> **Supplied information**
---+---
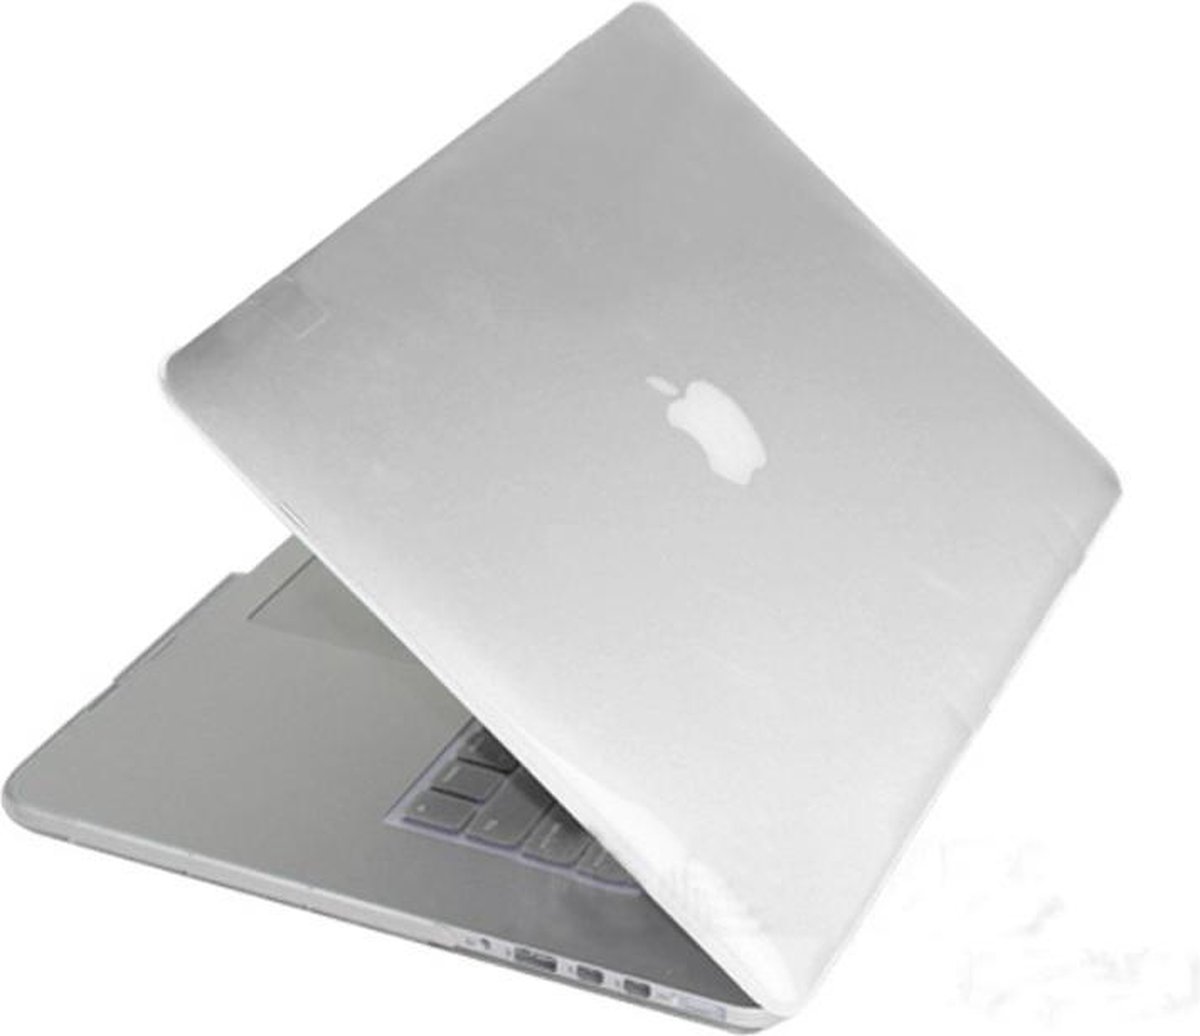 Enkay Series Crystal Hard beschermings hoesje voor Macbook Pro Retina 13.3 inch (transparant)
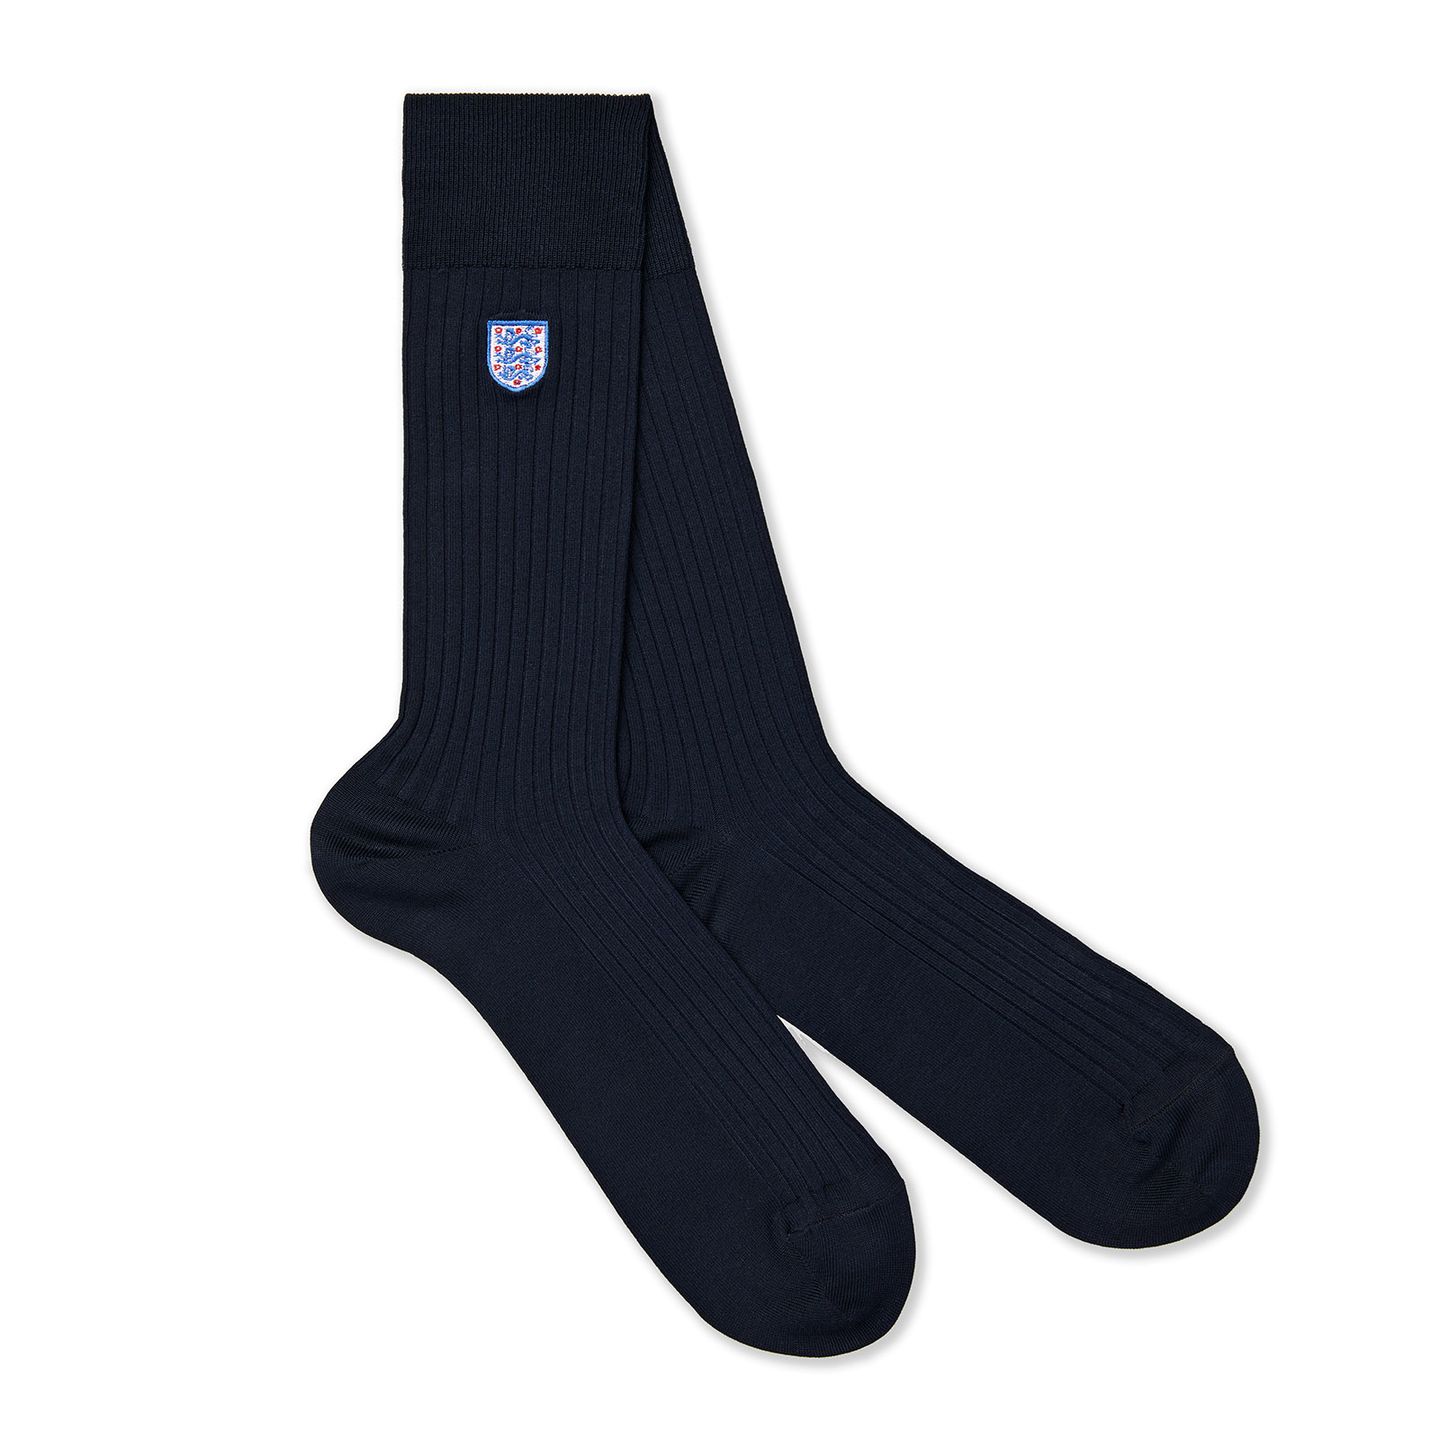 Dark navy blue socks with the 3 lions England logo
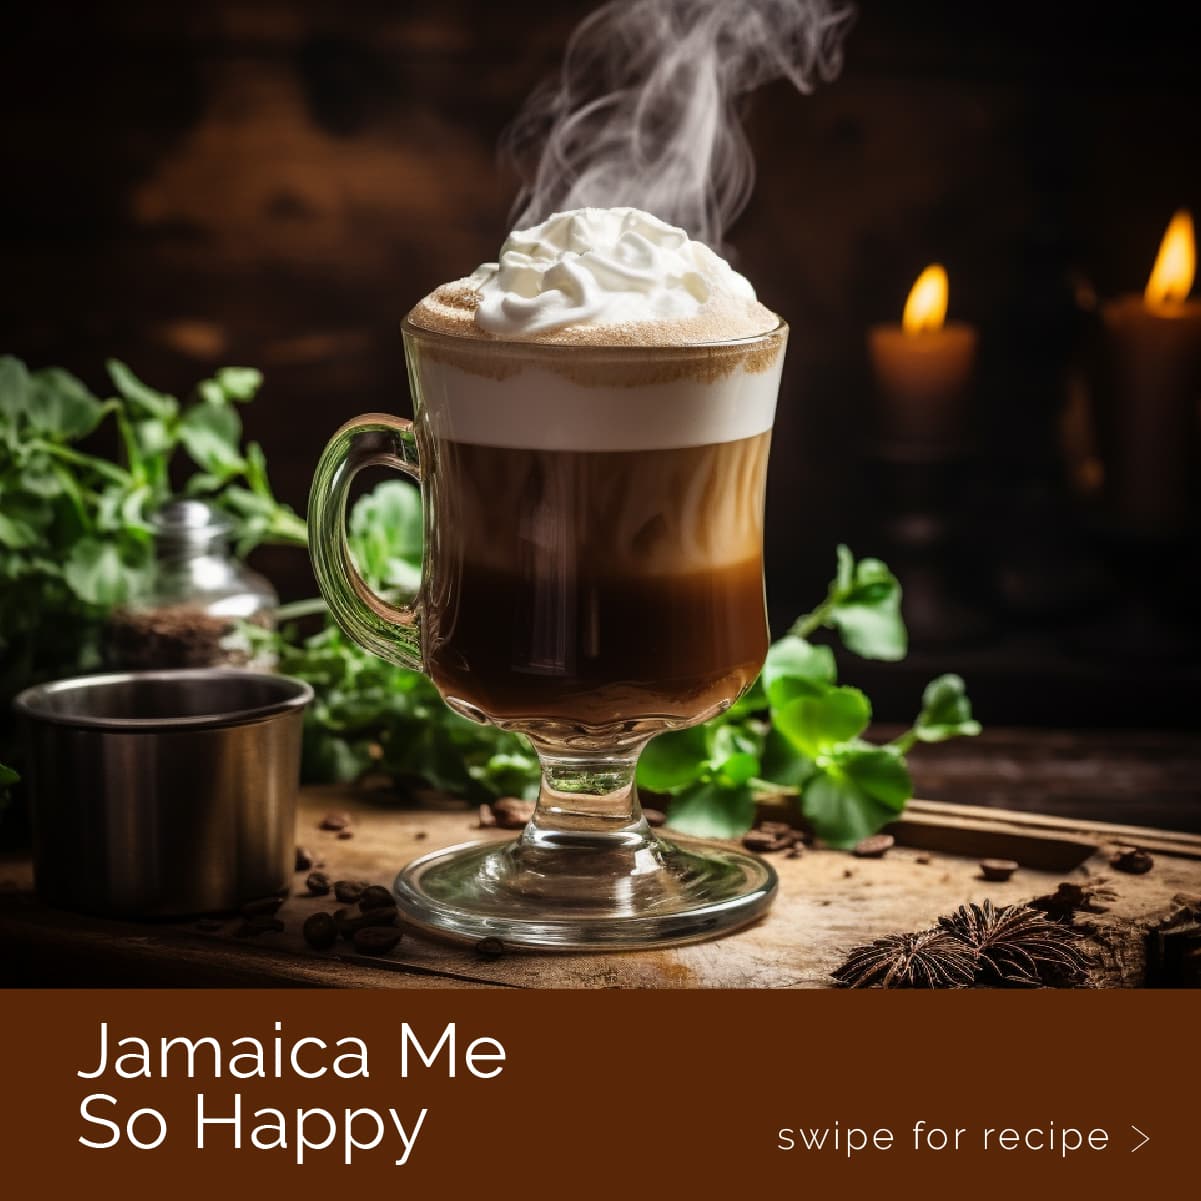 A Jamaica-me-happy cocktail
---+---
> **About this task**
Print the material again word for word. Please drop every picture.

> **Written response**
 Enkay Series Crystal Hard beschermings hoesje voor Macbook Pro Retina 13.3 inch (transparant)
 Dark navy blue socks with the 3 lions England logo
 A Jamaica-me-happy cocktail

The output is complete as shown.